Luckily I didn’t have to model underwear. I made it through my backstage change in 60 seconds with all the naked models. I just said, “when in Rome-and stripped down into my black Spanx thong-and was ready to escort the models). YES for those of you who were trying to help that girl, ‘Brenna’, she did find a Spanx thong and even the models were pumped and told me it was sexy! How about that?! I was so excited to get back to the hotel and eat because I hadn’t had a bite of food since 11 am. Yes, it must be nice to get a hotel room at the Ritz as a gift for hosting the event. It would have been even nicer if I didn’t get a call from the guy watching my dog at 9 am that he was puking and it was an emergency. 200 dollars later, some IV fluids and a steroid shot, Maximus was undiagnosed and seemed just fine.
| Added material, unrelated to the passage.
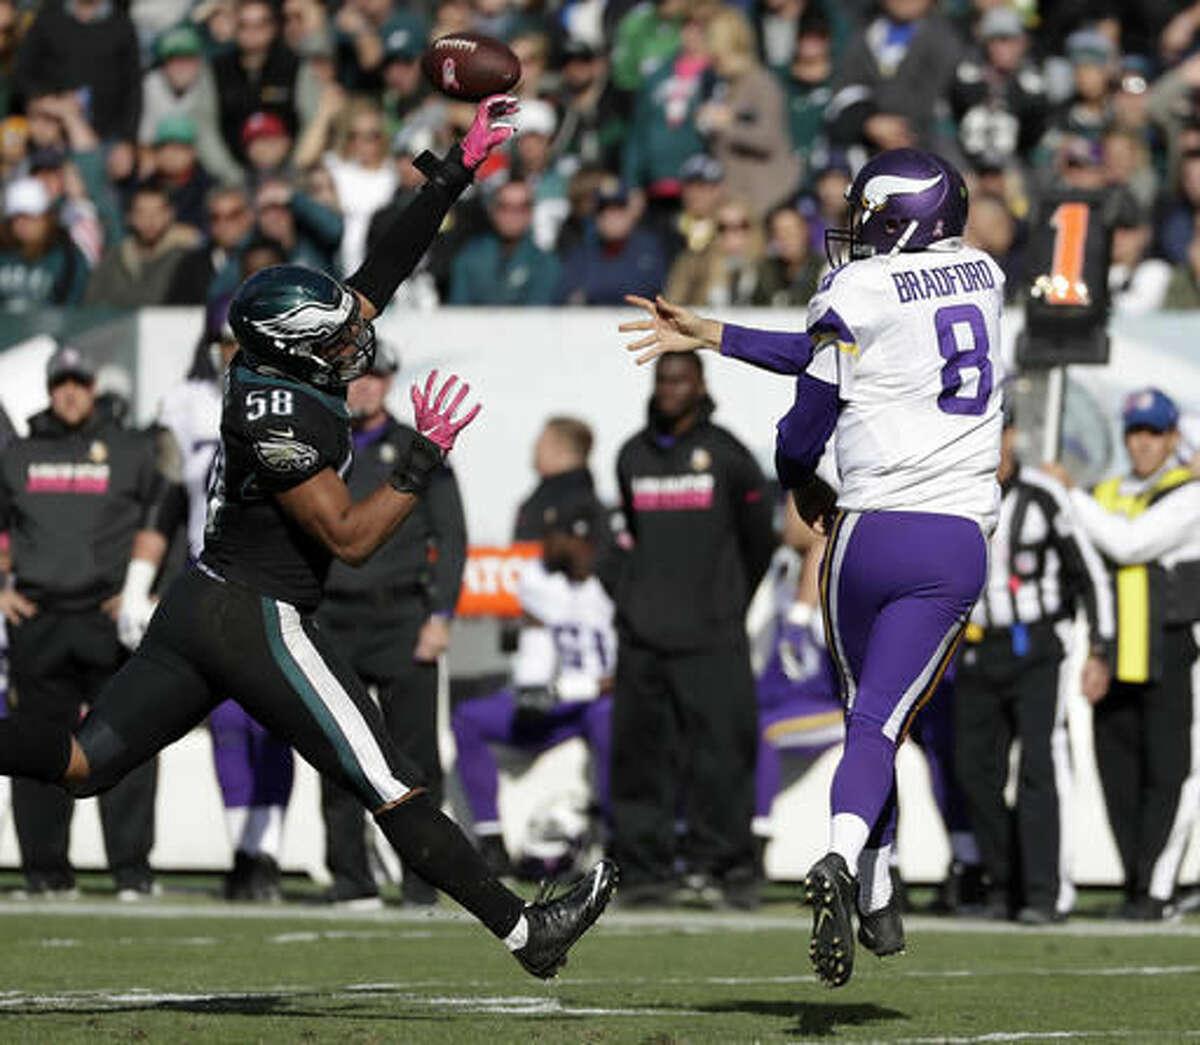 Minnesota Vikings' Sam Bradford, right, tries to pass against Philadelphia Eagles' Jordan Hicks during the second half of an NFL football game, Sunday, Oct. 23, 2016, in Philadelphia. (AP Photo/Michael Perez)
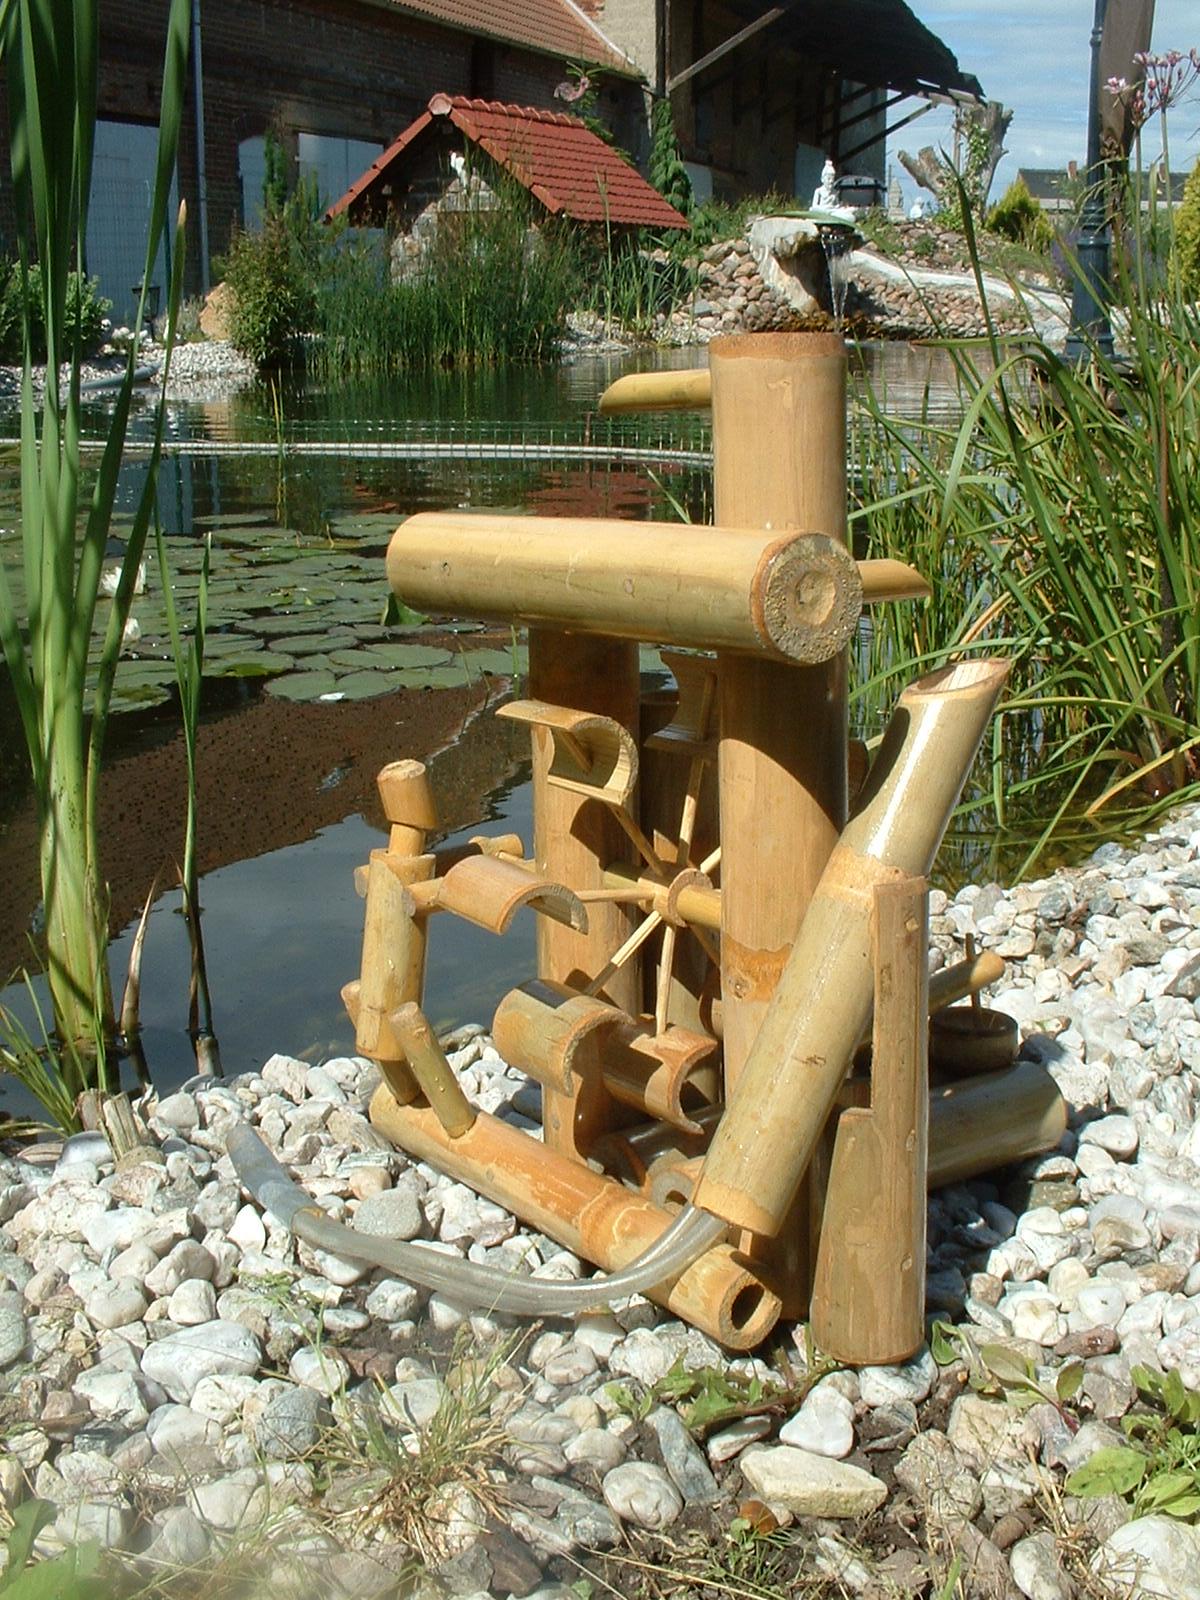 fontaine bambou cascade jeu d 39 eau d coration jardin patio. Black Bedroom Furniture Sets. Home Design Ideas

I was able to get myself a late check-out so I could hit up the Ritz pool and just staycate for a minute. I ordered a thousand calorie Miami Vice and people watched for a couple hours. I also got a LOT of sun. It was heaven. I went to pick up Maximus and met my soxfriends at a restaurant. Of course when we leave the restaurant on the most crowded street in my city, Maximus start circling like he needs to use the restroom. Oh man, I have no doggie bags to cleanup so all these people are going to see that I’m about to be THAT girl that doesn’t clean up after her dog. Well, he starts to poop and wait, it’s not coming out. No way, people are eating on patios and I’m going to have to do what most dog owners consider to be the most degrading situation. I’m going to have to help him get it out. All I have is an envelope so down I go, let’s help Maximus get this out. He screams like I’ve never heard him before. Like a pig getting stabbed to death. I’ve never actually heard that before, but that’s what I imagine it sounds like. I realized that he was trying to pass something that definitely wasn’t food related. After drawing a crowd, and probably ruining most people’s Mexican dinners, I pulled out an exercise sock. My dog ate one of my workout socks. NO WAY this is happening. I just dropped the envelope and ran to my car. Whew at least that was over….until I look down at my phone to call my friends and tell them what happened. Oh I had just Face timed someone? Oh, I just facetimed the LAST person in my phone I would want to hear what just transpired. All girls know what I’m talking about. It happened to be the last person who had texted me and now this person possibly heard me say, “No way I’m pulling a sock out of your ass!” UGHHH.